Tomorrow's Ghosts
Page 3
Growing increasingly excited as the evening wears on, John explains each puppet’s role in turn. The Hangman, the Skeleton, the Ghost and the Doctor are the Four Horsemen of the Apocalypse. Pretty Polly is the Great Harlot of Babylon. The Crocodile is the Beast of the Apocalypse. Judy and the Baby are the Woman clothed with the Sun, with the Moon at her feet, and on her head a garland of twelve stars and her Child. Scaramouche and the Policeman are the Two Witnesses, while Mister Punch, with his predilection for thwacking everybody with his stick is the Archangel Michael.
“OK,” says Ursula interrupting John mid-flow. “I can understand the imagery and I’m guessing the Devil is Satan but who is Joey the Clown meant to represent?”
“Why,” replies John, as if he has just been asked the most reasonable question in the world, “Joey the Clown symbolises the False Prophet, who lies and misleads all mankind.”
“In that case,” asks Ursula, “who is the Antichrist?”

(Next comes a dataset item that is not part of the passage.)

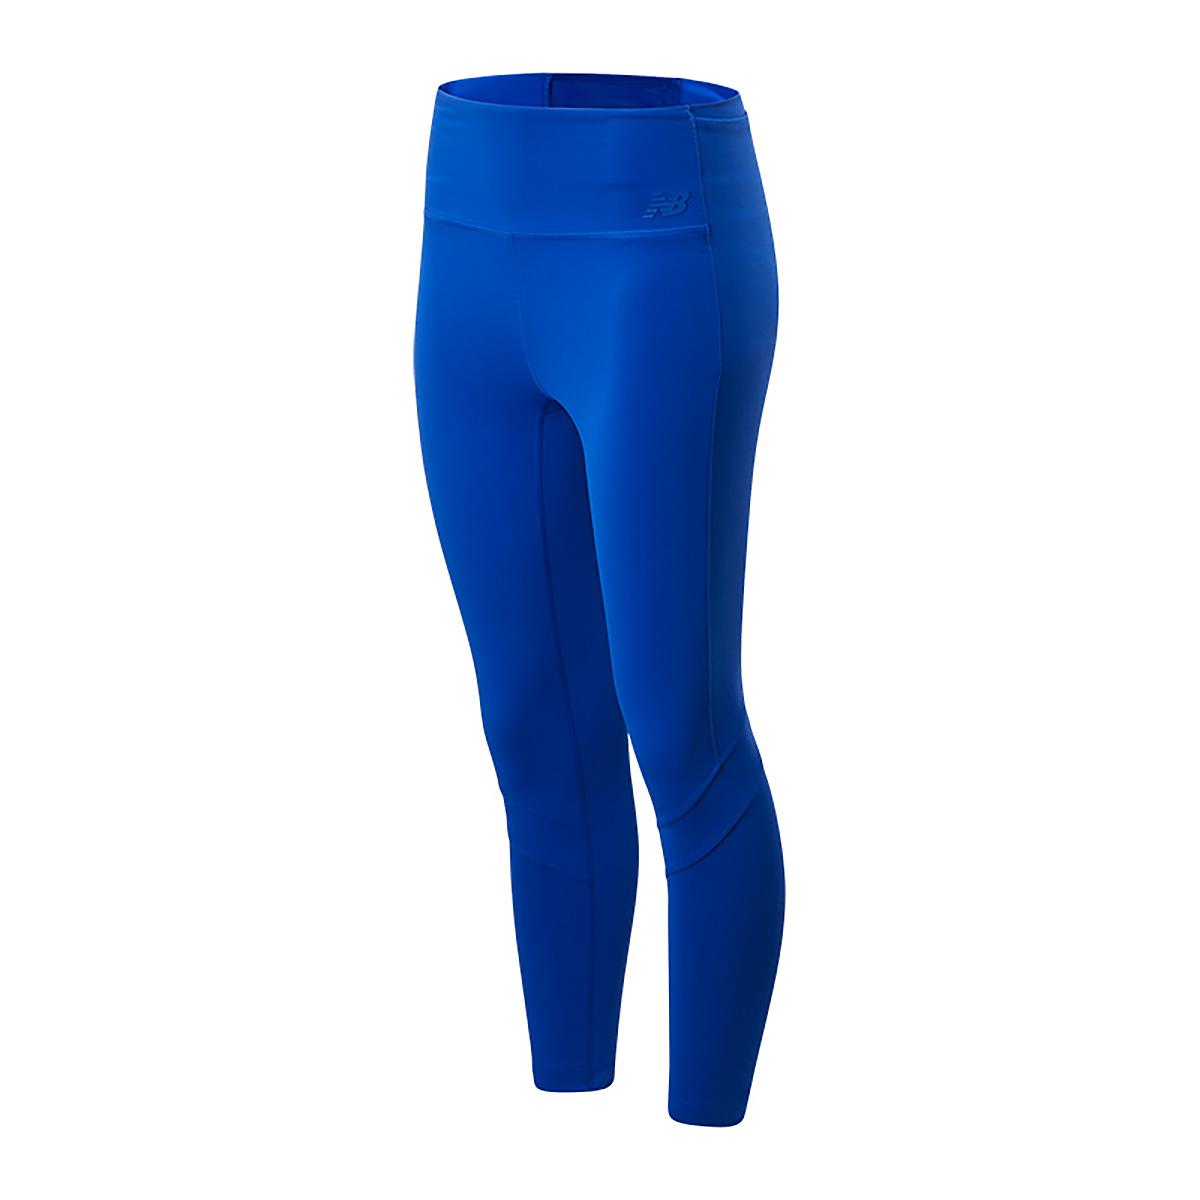 Women's New Balance Transform High Rise Pocket Crop - Color: Marine Blue - Size: XS, Marine Blue, large, image 1
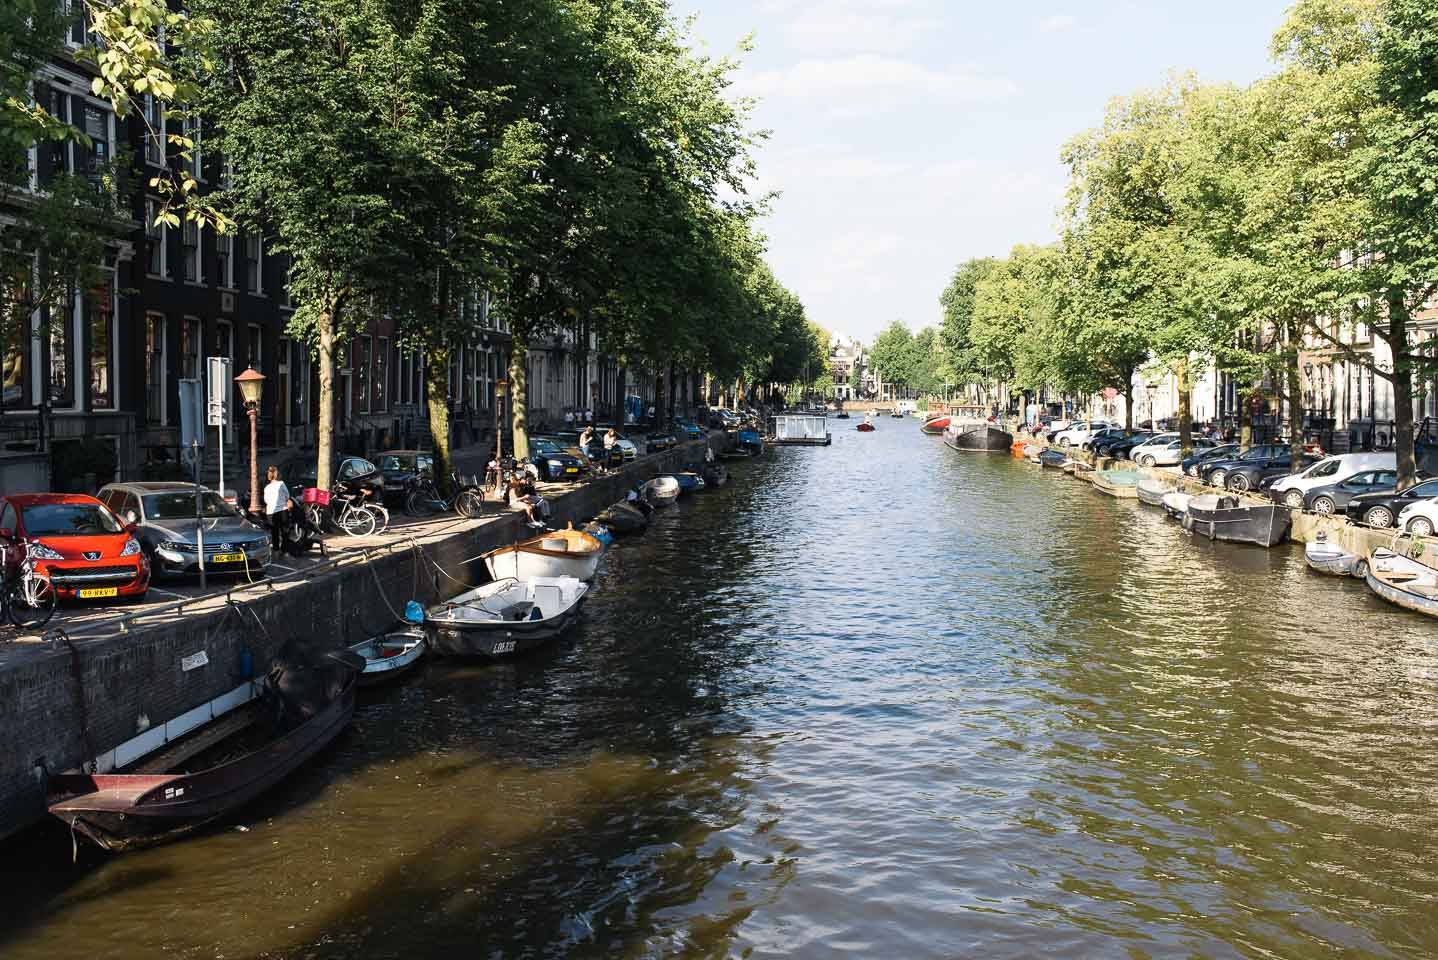 doubletree_amsterdam_kl-12

“That,” says John, “is the one remaining Great Mystery the Good Lord did not choose to share with me. It is my task, my mission, my burden, my quest, my sacred duty to answer that question. I have dedicated my life since I was pulled from the Ocean to just one cause: to find and to destroy the Antichrist. And if it is my fate to perish in the process, then so be it for that is God’s Will and His ways are beyond our understanding.”
It is at this point that Ursula leans over to me and whispers in my ear “I have heard enough. I think it is time for us to leave.”
Given the pressure with which Ursula digs her finger nails into my arm as she says this, I’m left in no doubt how serious she is about wanting to go, so I make our excuses to John. For his part, John appears totally oblivious to the sudden change in Ursula’s attitude and wishes us both a fond farewell as we head off into the night in the VW.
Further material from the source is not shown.